| ← Previous race | Next race → |
- Layout of the Suzuka International Racing Course

Race details
- Date: 8 October 2017
- Official name: 2017 Formula 1 Japanese Grand Prix
- Location: Suzuka International Racing Course, Suzuka, Mie Prefecture, Japan
- Course: Permanent racing facility
- Course length: 5.807 km (3.608 miles)
- Distance: 53 laps, 307.471 km (191.054 miles)
- Weather: Sunny
- Attendance: 137,000

Pole position
- Driver: Lewis Hamilton; / Mercedes
- Time: 1:27.319

Fastest lap
- Driver: Valtteri Bottas / Mercedes
- Time: 1:33.144 on lap 50

Podium
- First: Lewis Hamilton; / Mercedes
- Second: Max Verstappen; / Red Bull Racing-TAG Heuer
- Third: Daniel Ricciardo; / Red Bull Racing-TAG Heuer

= 2017 Japanese Grand Prix =

The 2017 Japanese Grand Prix (formally known as the 2017 Formula 1 Japanese Grand Prix) was a Formula One motor race held on 8 October 2017 at the Suzuka International Racing Course in Suzuka in the Mie Prefecture, Japan.
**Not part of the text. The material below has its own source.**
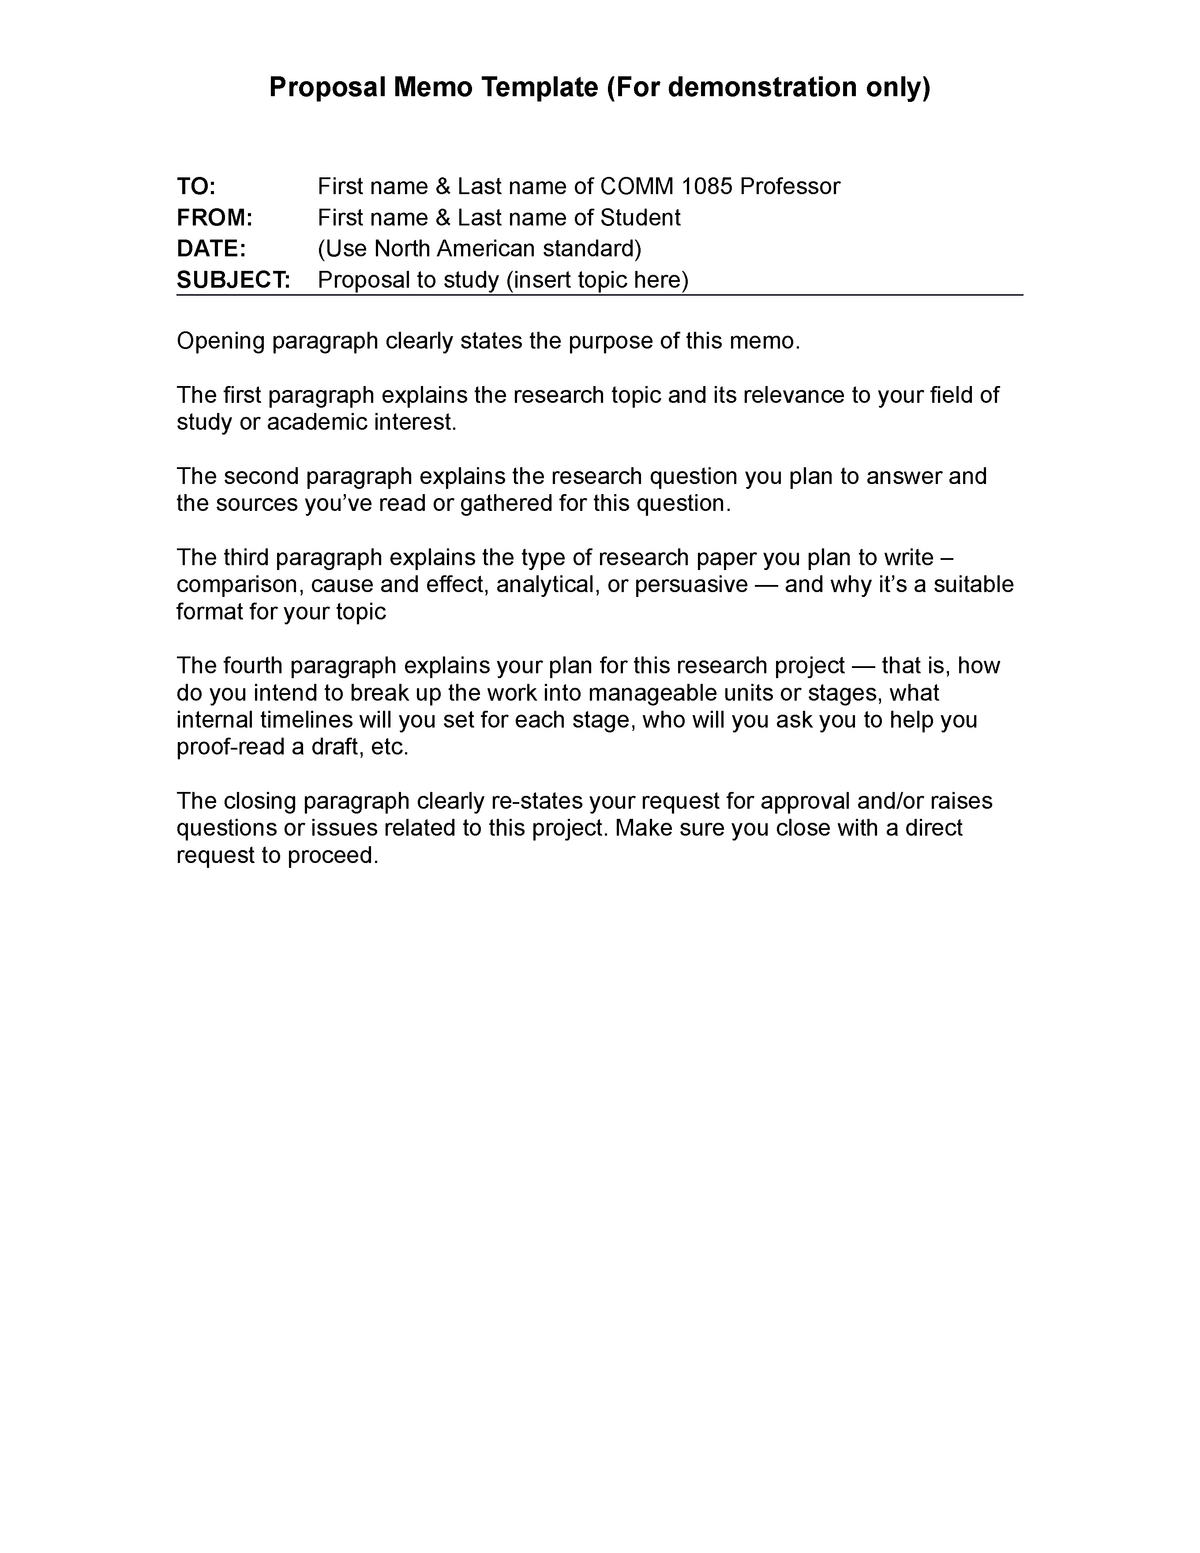 Week 8 Writing Task 4 Proposal Memo Template (For demonstration only
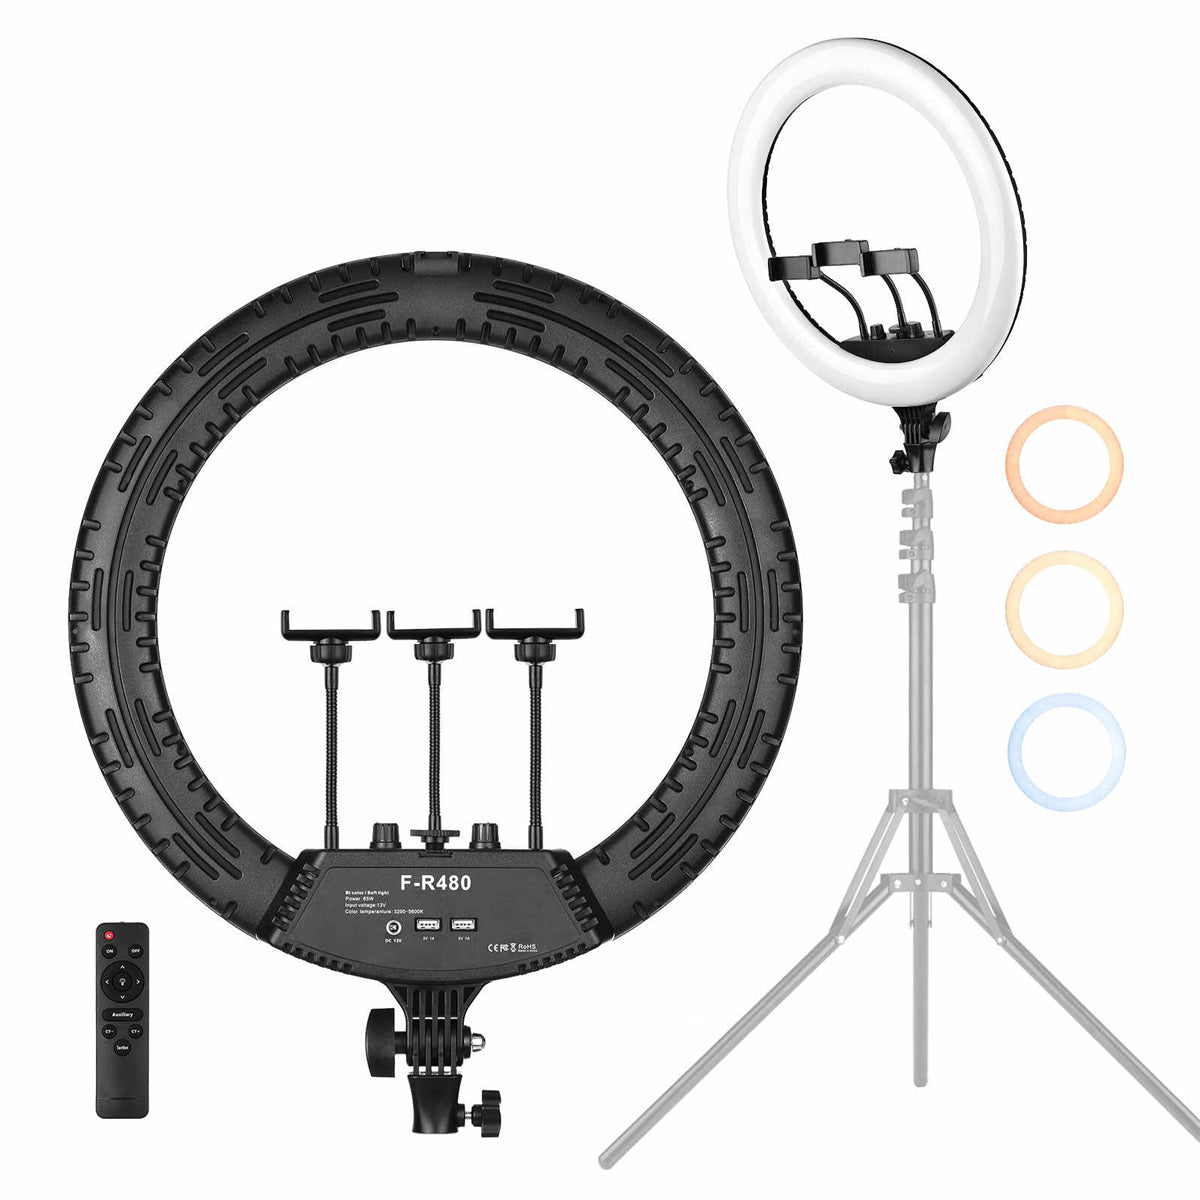 RINGO - CGC 18 Inch LED Professional Ring Light With 5 Phone Holders

The race was the sixteenth round of the 2017 FIA Formula One World Championship and marked the forty-third running of the Japanese Grand Prix. The 2017 event was the thirty-third time that the race has been run as a World Championship event since the inaugural season in , and the twenty-ninth time that a World Championship round had been held at Suzuka. This would also prove to be the last Grand Prix for Jolyon Palmer, as he was replaced by Carlos Sainz Jr. for the rest of the 2017 season. Sainz contested his last race for Toro Rosso before replacing Palmer at Renault.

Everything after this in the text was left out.